Requirement: Word for word, transcribe the listing that follows, minus any pictures.

Dataset content:
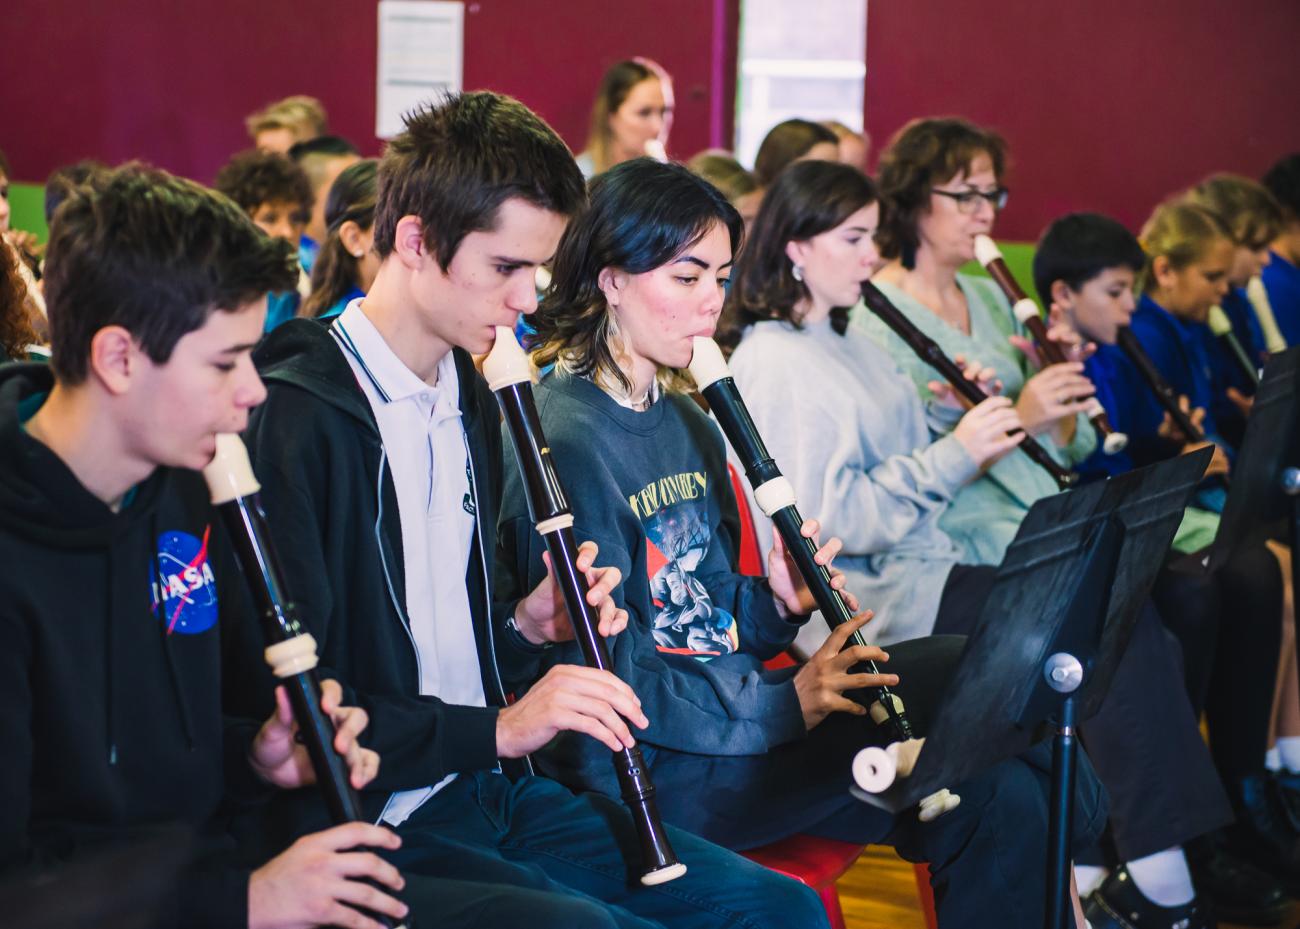 Secondary school students playing recorder
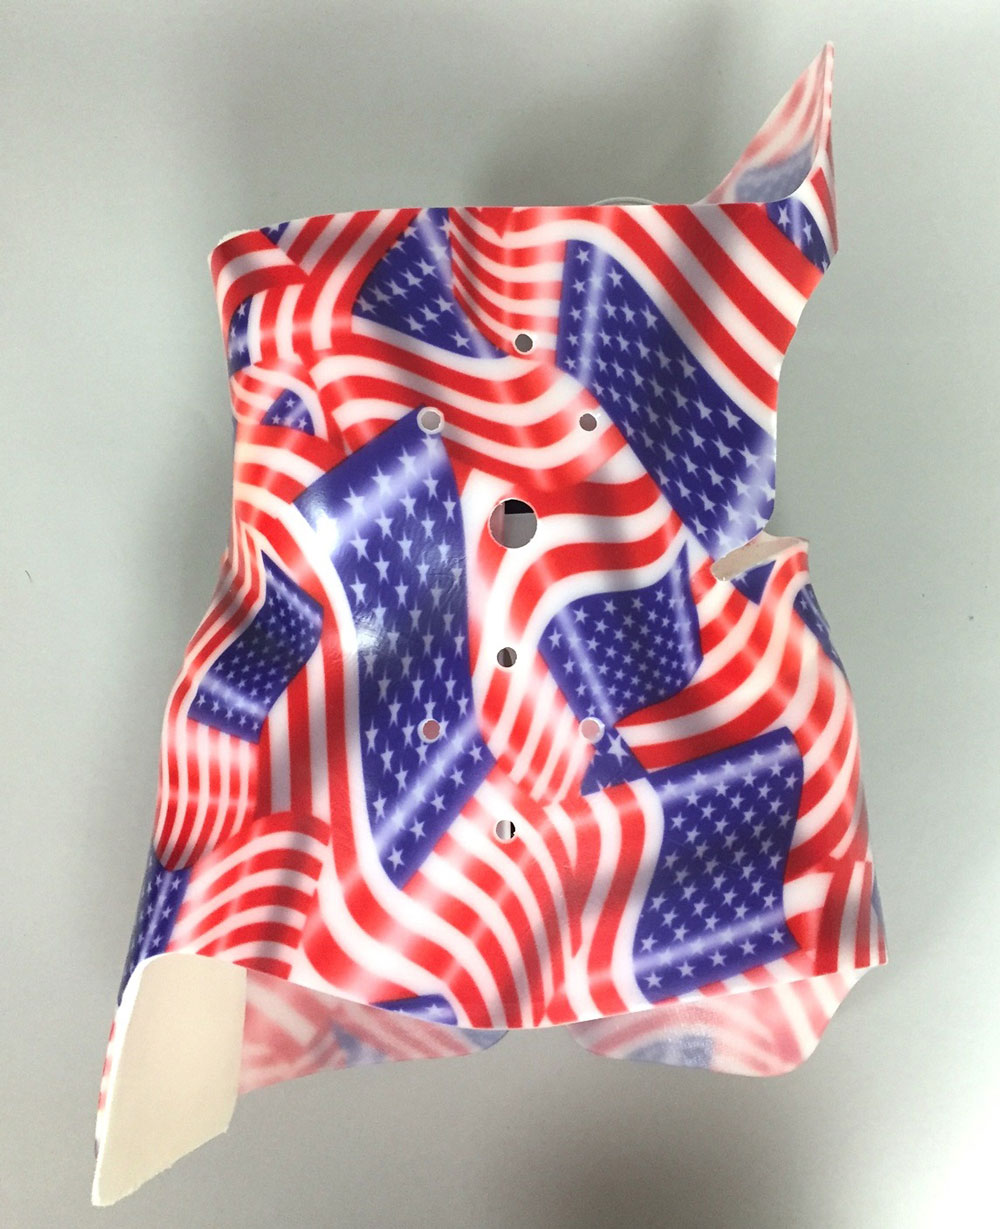 Scoliosis back brace with American flag design
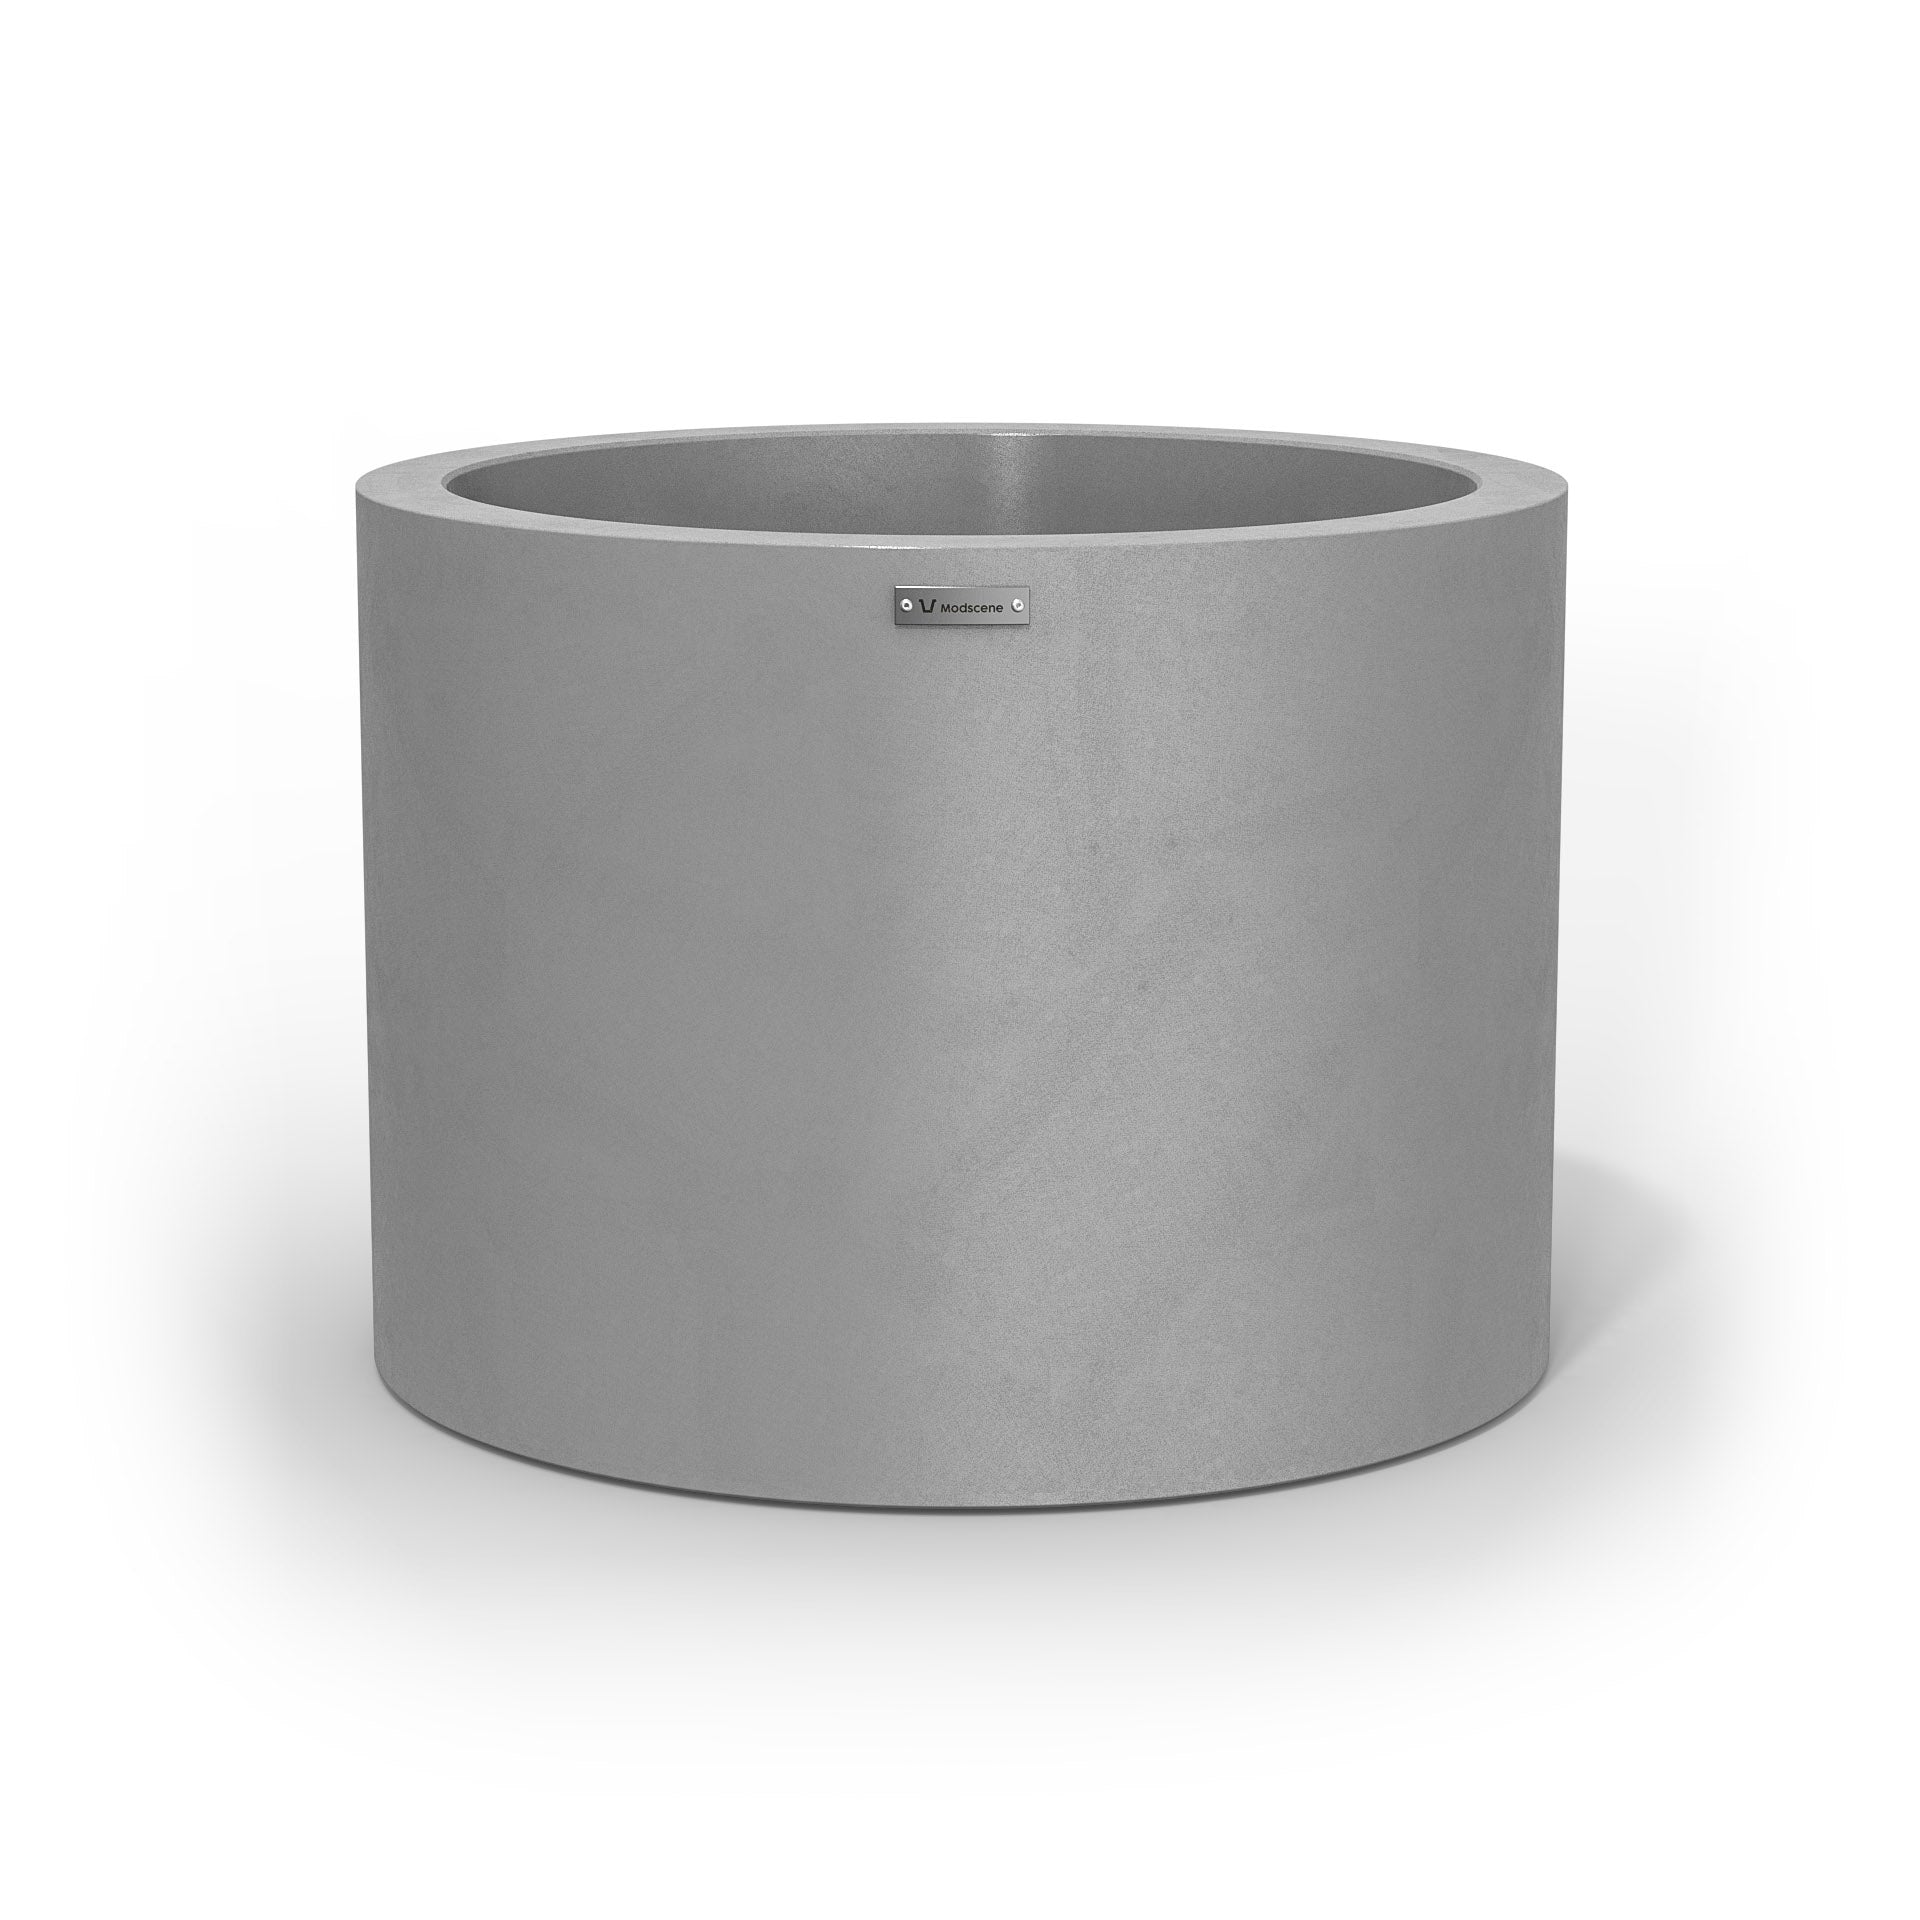 A cylinder shaped pot planter in a brushed light grey colour.

Output of the task:
 Secondary school students playing recorder
 Scoliosis back brace with American flag design
 A cylinder shaped pot planter in a brushed light grey colour.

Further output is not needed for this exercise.